Traditional Culture Encyclopedia - Traditional virtues - Bilingual Story:Tanabata is a Traditional Festival of Chinese National Characteristics (Chinese-English Version)

Bilingual Story:Tanabata is a Traditional Festival of Chinese National Characteristics (Chinese-English Version)

August 26, 2009 (the seventh day of the seventh lunar month) is the Tanabata Festival in China. Folklore experts say that the Tanabata, also known as the Beggar's Tree Festival, is a traditional festival very much characterized by the Chinese nation, and the only traditional festival in which women are the main protagonists.

Raise your head on August 26 and gaze at the stars

you will find something romantic going on in the sky. On August 26, lift your head and look up at the sky, and you will find a romantic astronomical spectacle in the sky.

VALENTINE'S Day in China

the seventh day of the seventh lunar month

falls on August 7 this year. evening

Niu Lang and Zhi Nu will meet on a bridge of magpies across the Milky Way. Chinese grannies will remind children that they would not be able to see any magpies on that evening because all the magpies have left to form a bridge in the heavens with their wings.

Luoshuwei, a researcher at the Tianjin Academy of Social Sciences, said the seventh day of the seventh month of the Chinese lunar calendar is commonly known as the Beggar's Day, and some people call it the "Tanabata Festival" and "Daughter's Festival. "Tanabata Begging", that is, the seventh day of the seventh month of the lunar calendar, while the Cowherd and Weaver Girl magpie bridge meeting, young women to the ingenious Weaver Girl begging for a pair of skillful hands and a pair of skillful, beg her to teach their spinning, weaving, sewing handicrafts.

On the origin of "begging for coincidence", Ge Hong of the Eastern Jin Dynasty wrote in "Miscellaneous Records of the Western Capital": "Han colored women often wear seven-hole needles on the seventh day of the seventh month in the lapel jacket, and people are all accustomed to it." This is now we see in the ancient literature, on the "begging" of the earliest records.

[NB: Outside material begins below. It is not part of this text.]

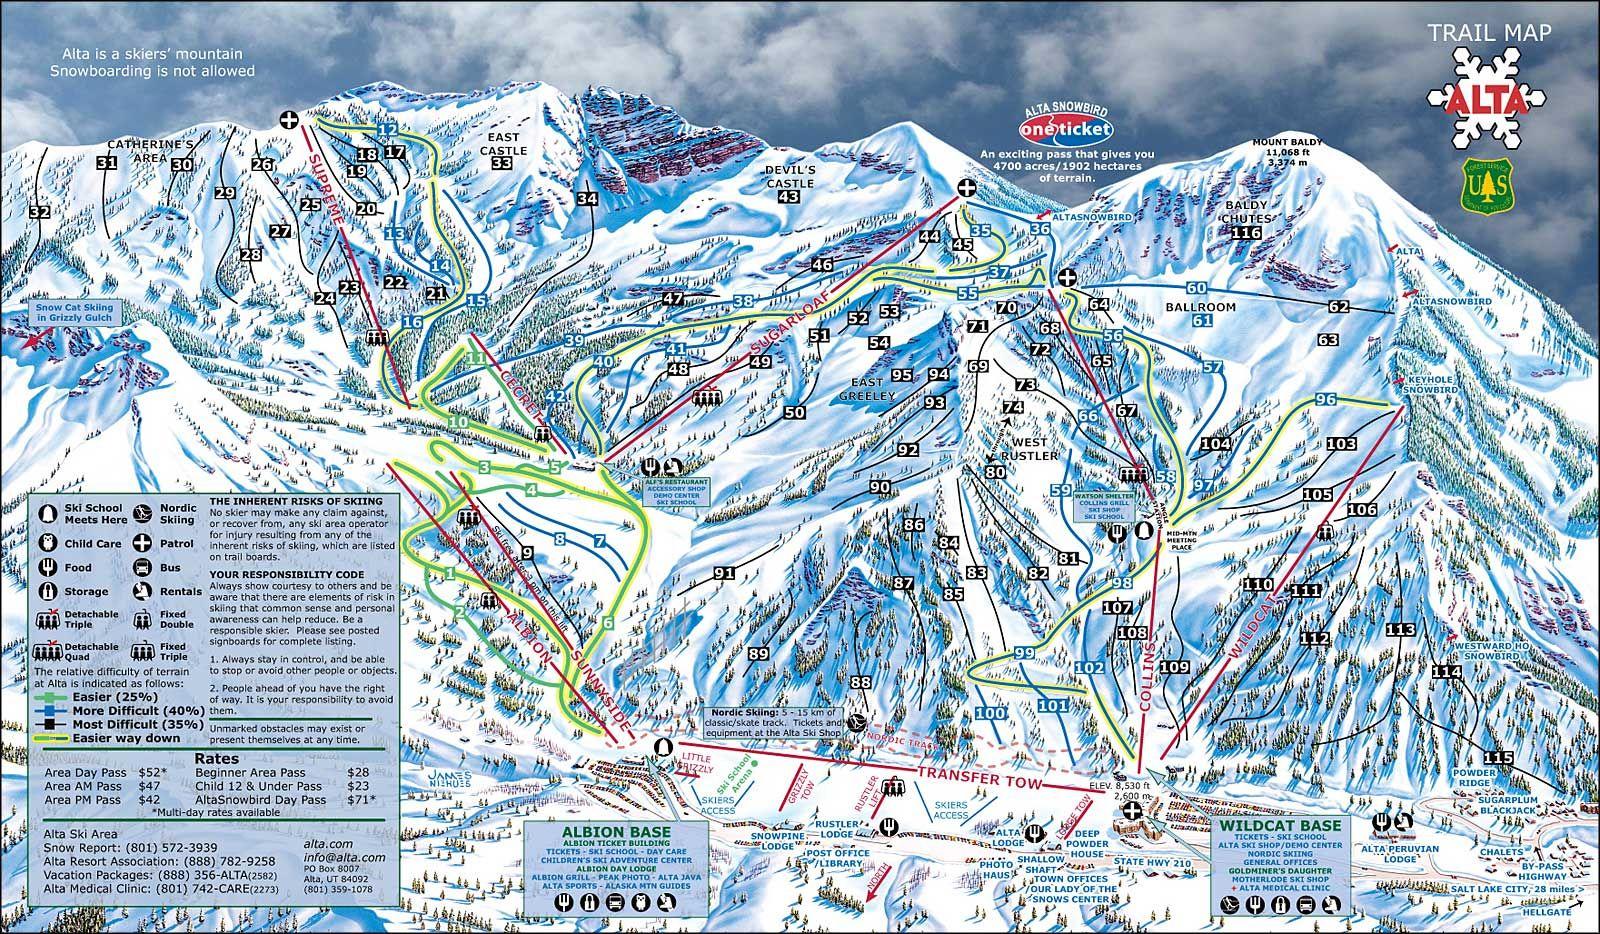 alta ski resort | alta ski resort, alta, utah | snow skiing in 2018
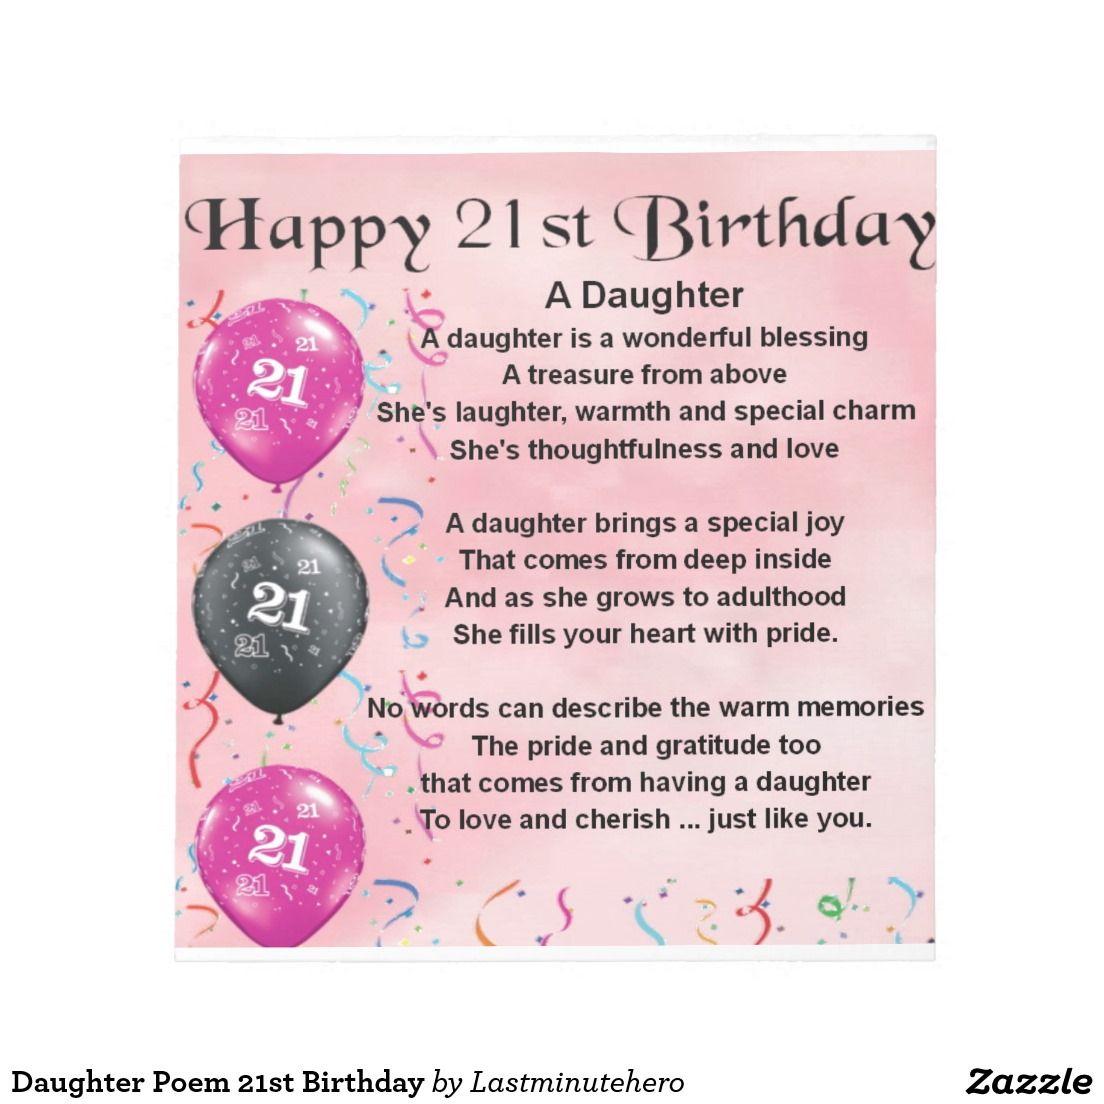 Daughter poem 21st birthday notepad 21st birthday poem and birthdays kristyandbryce Image collections

The Beggar's Nest is a women's festival. In ancient times, people attached great importance to the annual custom of begging for coincidences, and the various contents and forms are also very interesting. The way of begging for coincidences, the pattern of successive dynasties continue to renovate, the customs of different places are also different. The custom of "divination of coquettishness" is to ask a woman whether she will be stupid or skillful in the future. The most widely circulated custom is "threading a needle to the moon", also known as "playing Qiaoqiao". This is the earliest form of begging for coquettish gifts, which began in the Han Dynasty. That is, the women's race to wear a needle, they knot colorful thread, wear seven-hole needle, who wear the faster, it means who begged to the more coquettish. Wear slow known as "lose coincidence". The "losing" person has to give the pre-prepared gift to the winner.

In addition, to determine the coincidence of the beggar's "divining coincidence" method, there are "casting a needle to check the coincidence", "happy spider should be coincidental", "coincidental vegetable

These are the methods of "divination" and "throwing pins to check the coincidence", "the spider should be coincidence", "coincidence dish", etc.